Well, sort of.
I stumbled upon this grammar mastery test on my daily Internet visiting. Since I pride myself on such things as my mastery of the trickier rules of Standard American English, I took it. I scored 48/50. Not shabby, though far from perfect.
As I was taking it, I actually noticed several problems. A few of the answers were identical, allowing me to rule them out, if I didn't quite know for sure. That must have just been whoever set up the test.
Something else was bothering me about this test, however. And then I realized--the sentences were designed to trip up the test-taker, not as representatives of good written English. Some of the sentences were far too complex and convoluted--if one of my students were to write like that test, I would scold them.
That's when it dawned on me about grammar education--we often teach students in a way that they should not write or would not use language. No wonder students often have a hard time grasping certain grammatical concepts. Grammar studies often operate in a vacuum, and students have no way to bridge from the abstract world of proper grammar to actual ways of speaking and writing. They can't make the connection, especially when we teach them using sentences that are unconnected to their daily modes of discourse.
Part of what I'm going to address in my thesis is the disconnect between freshmen composition and students' future writing. Students take freshmen composition, believing that they'll never again use those concepts, never making the connection between the skills taught in composition and the skills they need to be effective writers in the workplace. I hope I can find a way to bridge this gap, and help students be better writers and communicators.
4 comments:
Far from perfect? In my opinion 2 points is not that far from perfect. I agree with everything else you said though. There is a gap and and filling it is the only way they are going to value the information. Make actually goes on a similar rant all the time about mathematics. To poorly summarize his point, he thinks that whoever decided to do 50 practice equations and only 2 word problems is dumbing down the country. I look forward to hearing how you bridge the gap.

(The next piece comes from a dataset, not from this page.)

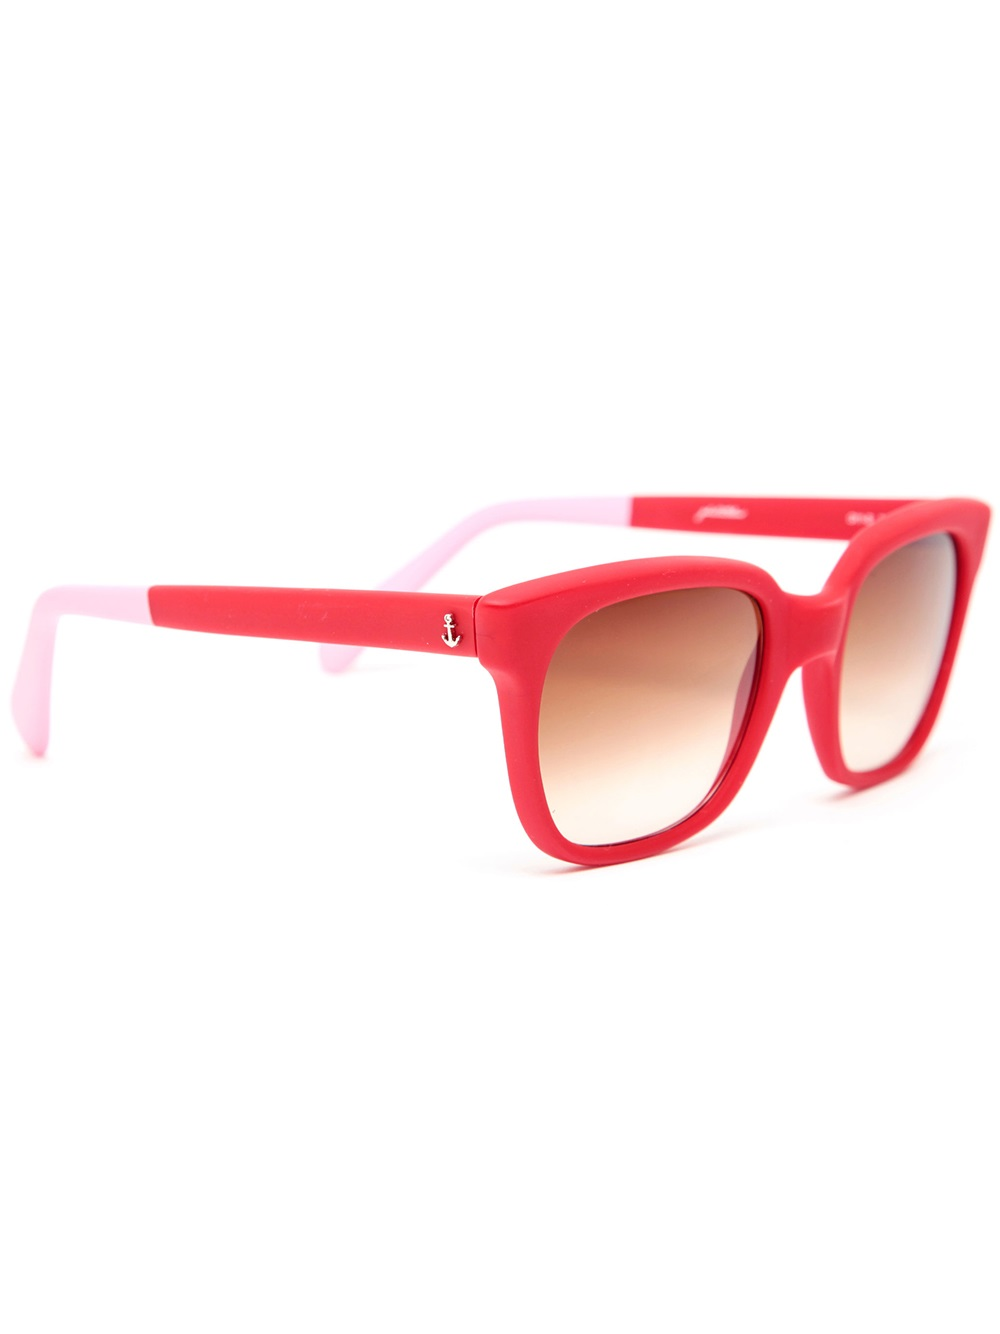 Sheriff & Cherry G11s Futura Red Matte Sunglasses

I agree with Amanda. Missing two is pretty impressive. It's still an A. :)
You beat me by one. I got 47/50. The neither/nor questions had me perplexed, and #12 tripped me up.
I tried to take the test, and I failed. I've always known that my grammar is not the best, but this just started depressing me. (That's why I like to surround myself with grammar gods and goddesses; I'm really hoping it will rub off) Several of the questions seemed to have multiple correct answers to me. The sentences just had different meanings. I gave up after frying my brain on this one
Choose the correct sentence.
A)She and he are always fighting.
B)She and him are always fighting.
C)Her and him are always fighting.
D)Him and her are always fighting.
I'd be happiest if we kept this between us. My 6th grade English teacher doesn't need to find out.
I use a fun little trick on ones like that--you remove one element (usually the one you know is correct) and see how it sounds with the other. Example: "They called her and me". Is me correct in this sentence? Yes, because if you remove "her" then "me" is the correct pronoun (object pronoun, to be precise).
On that one, I knew that the subject was plural--two singulars joined with "and" makes a plural subject--and so I fiddled around with the right pronoun after that.
It's enough to make your brain hurt, sometimes.